Research output: Contribution to journalArticlepeer-review

Abstract

There is a need for methods that can image chromosomes with genome-wide coverage, as well as greater genomic and optical resolution. We introduce OligoFISSEQ, a suite of three methods that leverage fluorescence in situ sequencing (FISSEQ) of barcoded Oligopaint probes to enable the rapid visualization of many targeted genomic regions. Applying OligoFISSEQ to human diploid fibroblast cells, we show how four rounds of sequencing are sufficient to produce 3D maps of 36 genomic targets across six chromosomes in hundreds to thousands of cells, implying a potential to image thousands of targets in only five to eight rounds of sequencing.
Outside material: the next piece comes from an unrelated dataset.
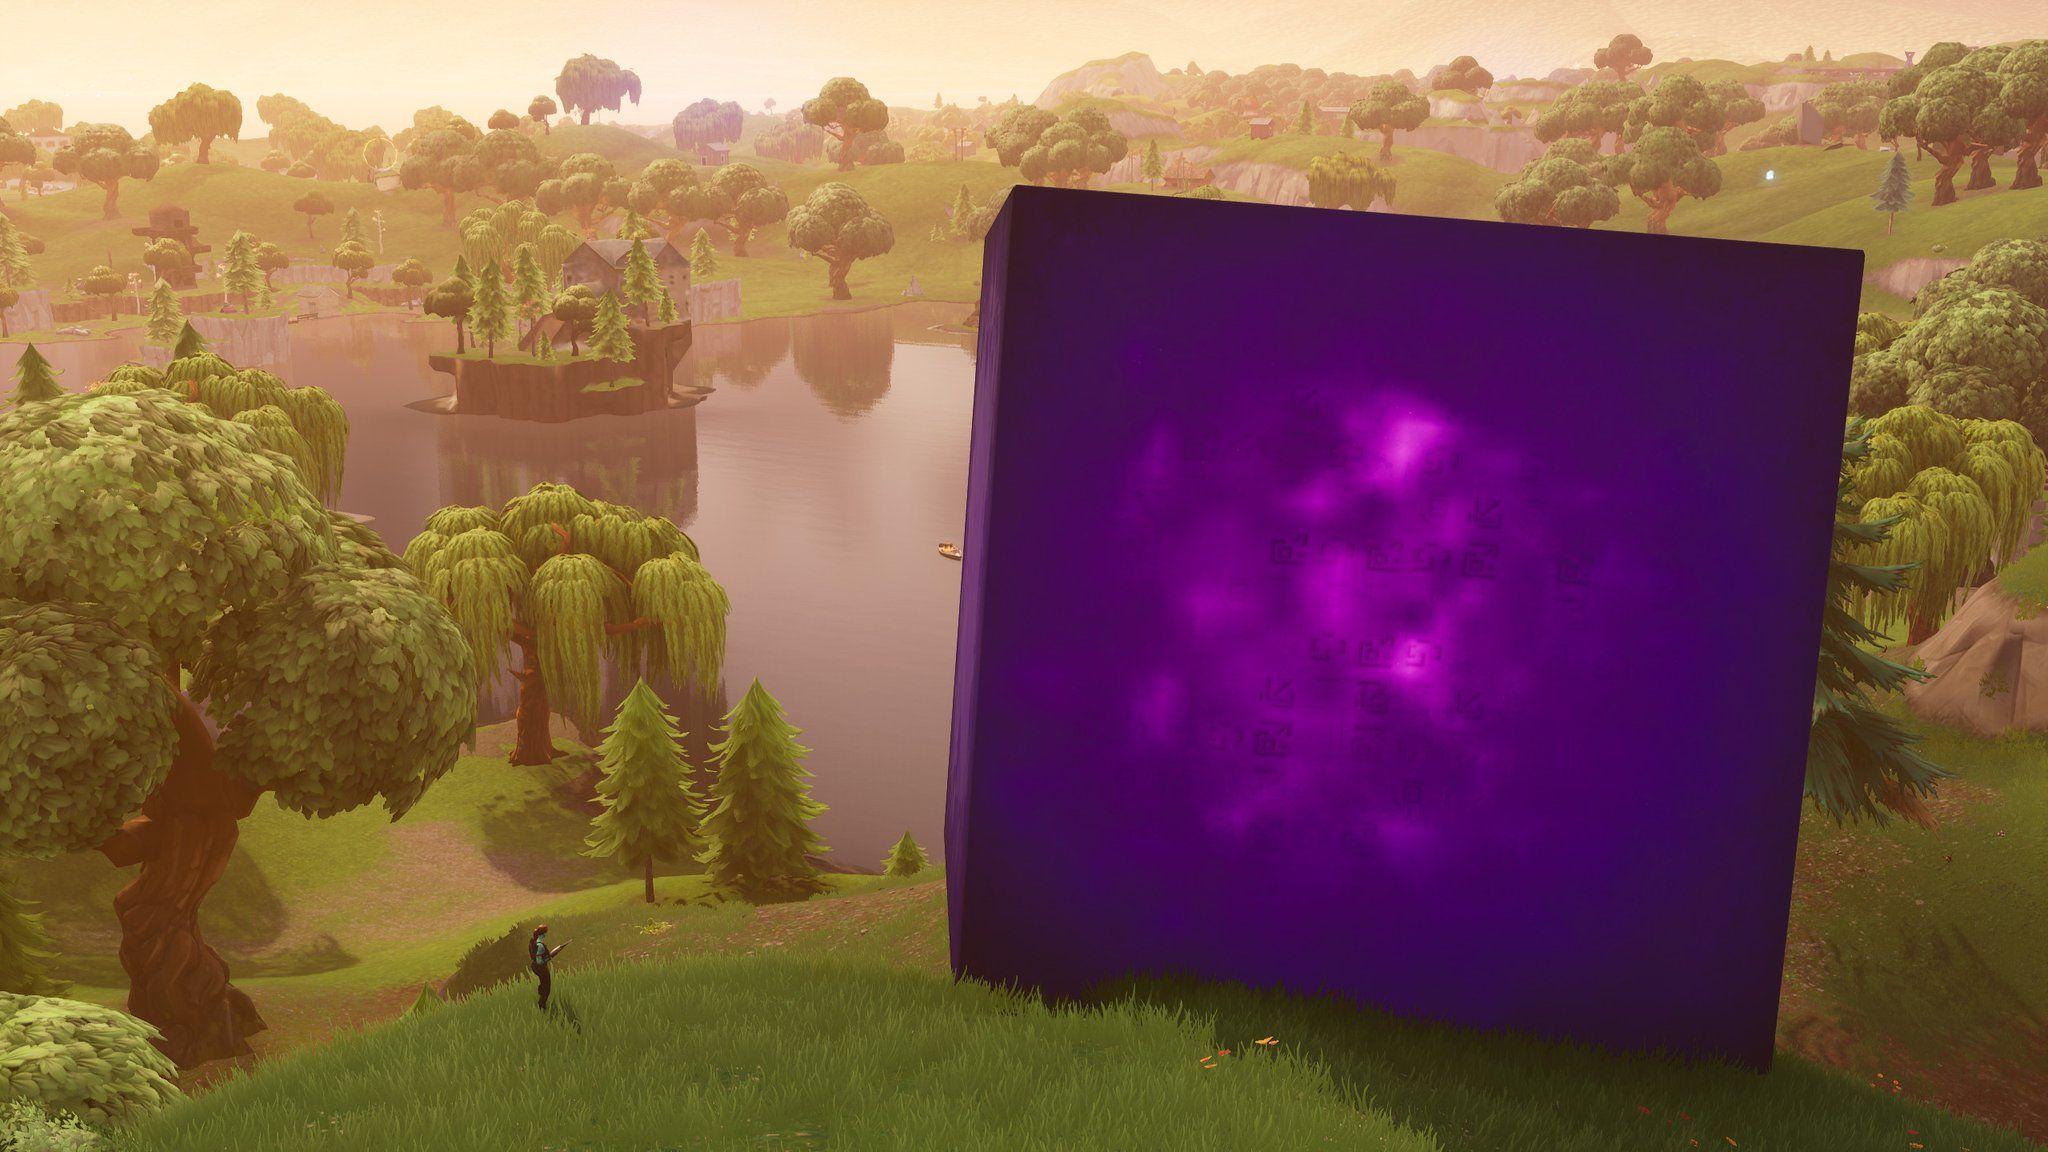 Fortnite Cube Live Event Makes Loot Lake Bouncy Adds Purple Smoke

We also use OligoFISSEQ to trace chromosomes at finer resolution, following the path of the X chromosome through 46 regions, with separate studies showing compatibility of OligoFISSEQ with immunocytochemistry. Finally, we combined OligoFISSEQ with OligoSTORM, laying the foundation for accelerated single-molecule super-resolution imaging of large swaths of, if not entire, human genomes.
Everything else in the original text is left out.